3H2(g)+N2(g)=2NH3(g)
Suppose the equilibrium constant Kp = 0.003337 for the reaction above. If the equilibrium mixture contains partial pressures H2 = 0.400 atm and N2 = 0.350 atm. What is the equilibrium partial pressure of NH3 in atm?
Kp = pNH3^2/pN2*pH2^3
You have only one unknown. Solve for that.

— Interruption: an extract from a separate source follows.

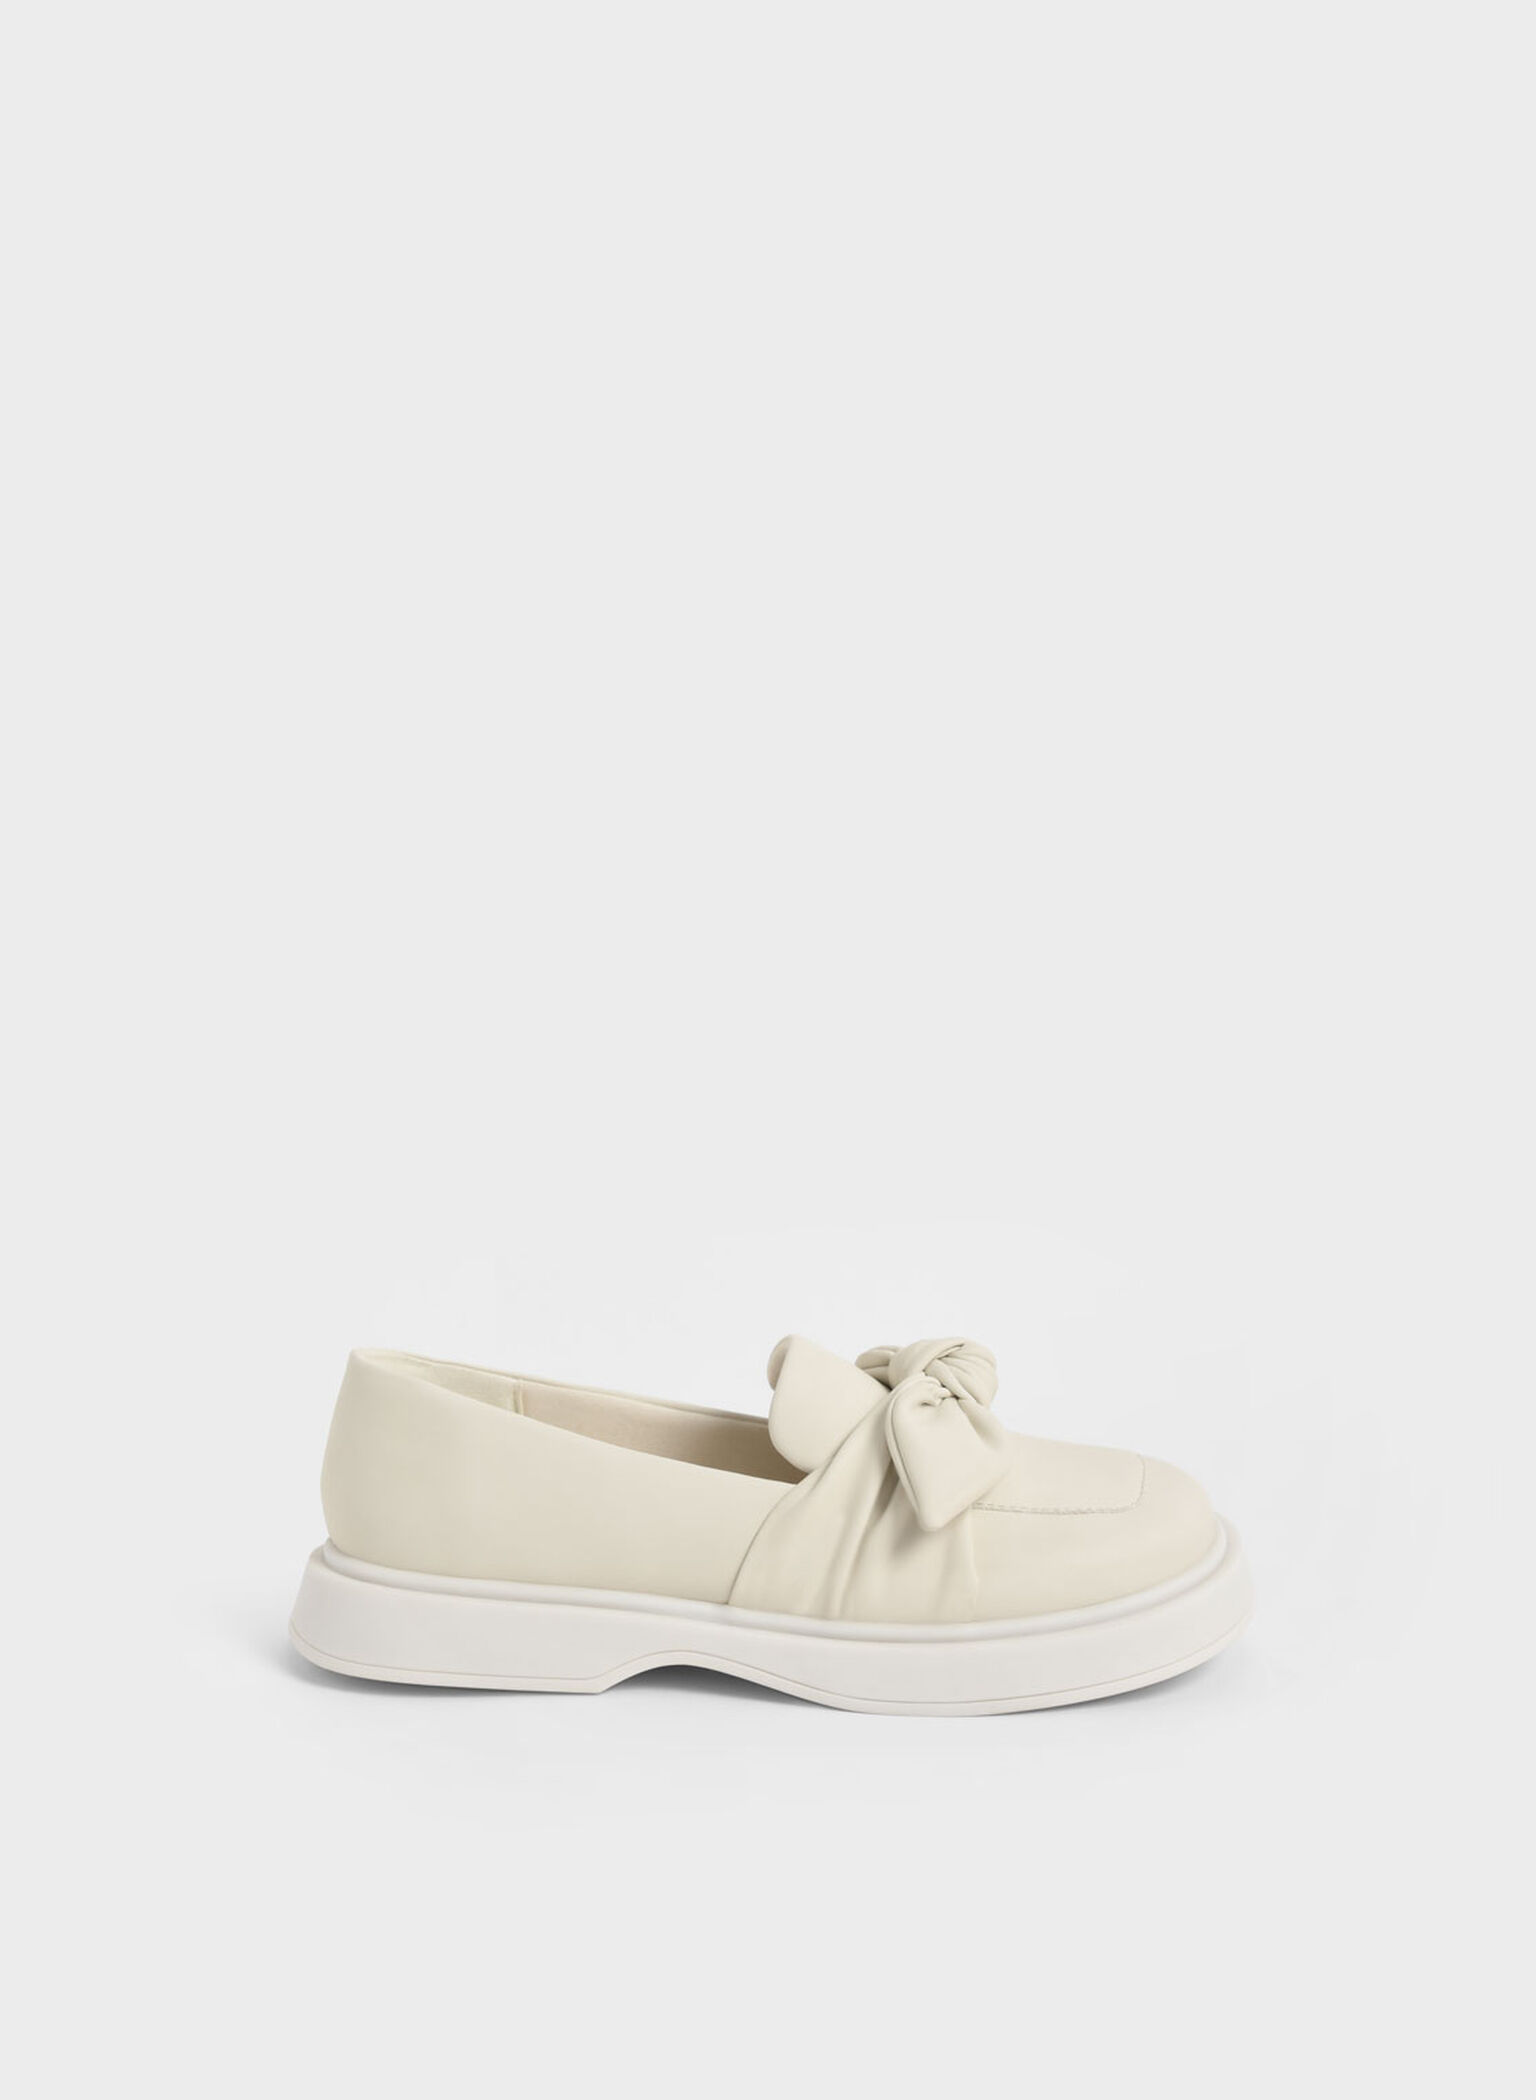 Girls' Bow Loafers, Chalk, hi-res

To find the equilibrium partial pressure of NH3 (denoted as P(NH3)), we can use the equilibrium constant expression and the given partial pressures of H2 and N2.
The balanced equation for the reaction is: 3H2(g) + N2(g) = 2NH3(g)
The equilibrium constant expression in terms of partial pressures (Kp) can be written as:
Kp = (P(NH3))^2 / (P(H2))^3 * P(N2)
Given that Kp = 0.003337, P(H2) = 0.400 atm, and P(N2) = 0.350 atm, we can rearrange the expression to solve for P(NH3).
0.003337 = (P(NH3))^2 / (0.400)^3 * 0.350
Multiplying both sides of the equation by (0.400)^3 * 0.350, we get:
0.003337 * (0.400)^3 * 0.350 = (P(NH3))^2
Simplifying the right side of the equation, we have:
0.003337 * 0.064 * 0.350 = (P(NH3))^2
0.00008968 = (P(NH3))^2
Taking the square root of both sides, we find:
P(NH3) ≈ ±0.009469 atm
Since partial pressures cannot be negative, we take the positive value of P(NH3):
P(NH3) ≈ 0.009469 atm
Therefore, the equilibrium partial pressure of NH3 is approximately 0.009469 atm.